Выбрать главу

В 22 году в одной из статей, напечатанных в Харькове, Мандельштам уточнил свое понимание «мы» и, в сущности, дал комментарий к разбираемому стихотворению. Рассказывая, как Розанов боролся с антифилологическим духом, который «вырвался из самых глубин истории», он вспомнил университетский семинар: «Литература — это лекция, улица; филология — университетский семинар, где пять человек студентов, называющих друг друга по имени-отчеству, слушают своего профессора, а в окна лезут ветви знакомых деревьев университетского сада. Филология — это семья, потому что всякая семья держится на интонации и на цитате, на кавычках. Самое лениво сказанное слово в семье имеет свой оттенок. И бесконечная, своеобразная нюансировка составляет фон семейной жизни...» Для Розанова «мы» — семья, для Мандельштама — это пять студентов, несколько поэтов, кучка друзей. Он вспоминает семинар «молодого профессора» (это его слова) Шишмарева, среди слушателей и участников которого были и Гумилев, и Мандельштам. Они читали старофранцузские тексты, и любовь к ним Мандельштам сохранил на всю жизнь. Я знала Шишмарева уже стариком, и он нежно вспоминал своего ученика Осю Мандельштама, способного, но ленивого филолога.
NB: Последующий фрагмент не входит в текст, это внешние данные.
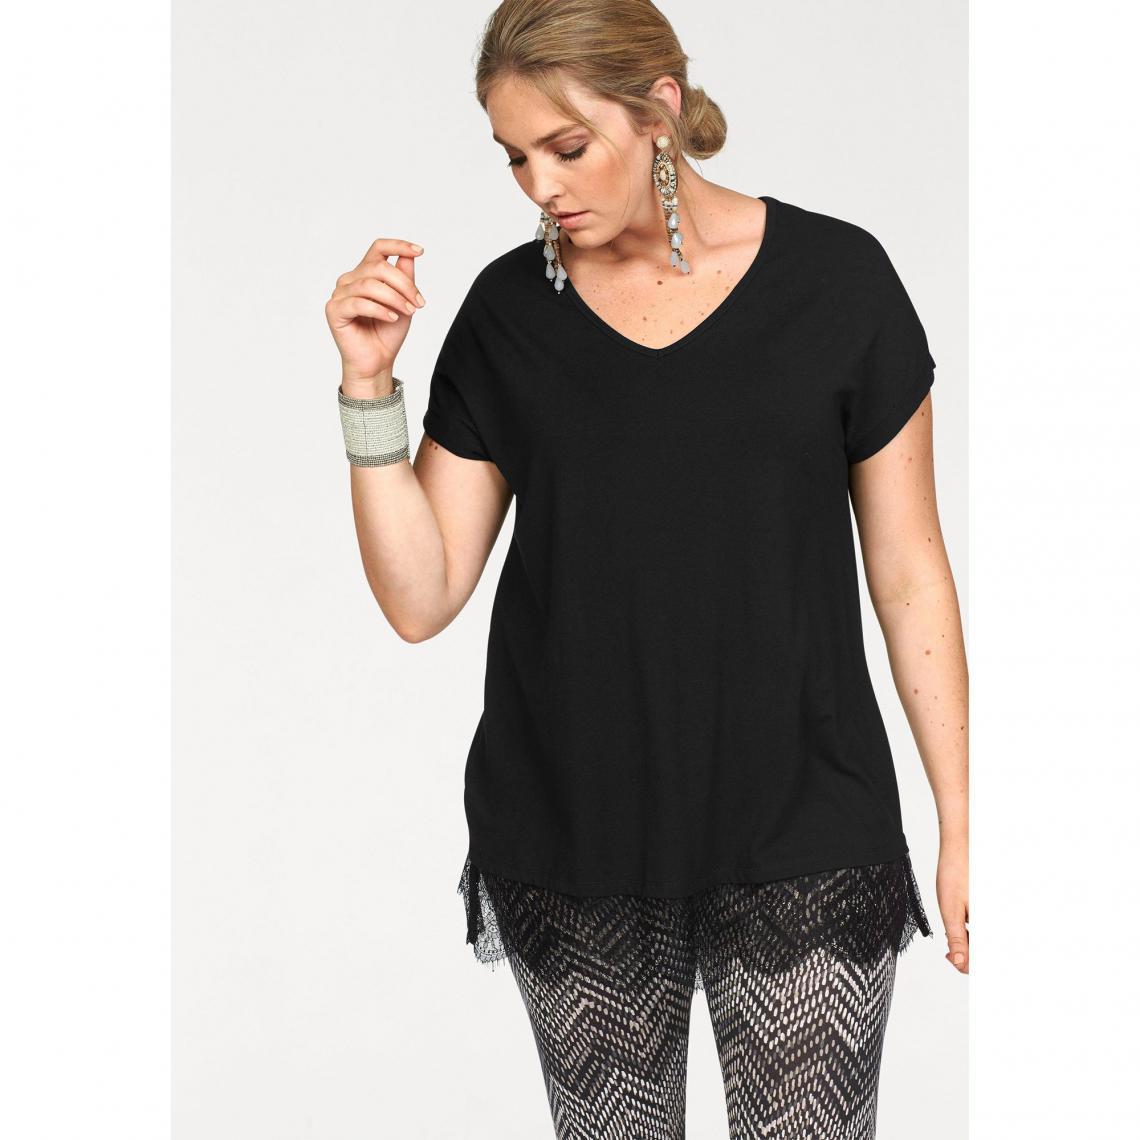 06390a68be34a T-shirt long manches courtes bas en dentelle femme Boysen - Noir | 3 ...

Для Мандельштама «филология» — глубокое и нравственное понятие. Ведь слово воплощает в себе смысл, Логос. Народ, особенно русский, существует, пока владеет живым, неомертвевшим словом: «Для России отпадением от истории, отлучением от царства исторической необходимости и преемственности, от свободы и целесообразности было бы отпадение от языка. «Онемение» двух, трех поколений могло бы привести Россию к исторической смерти». «Историческая необходимость» для Мандельштама связана с преемственностью, следовательно, она совсем не напоминает о детерминизме марксистов, а вся его жизнь ушла на защиту того, что он называл «филологией» и связывал с внутренней свободой, а мы жили в царстве мертвых, лишенных смысла слов, которыми дурманили народ. Живое слово в церкви, в семье, в своем кругу, среди друзей и поэтов, составляющих «мы» и охраняющих единые ценности, — вот что Мандельштам надеялся найти в Петербурге двадцатого года.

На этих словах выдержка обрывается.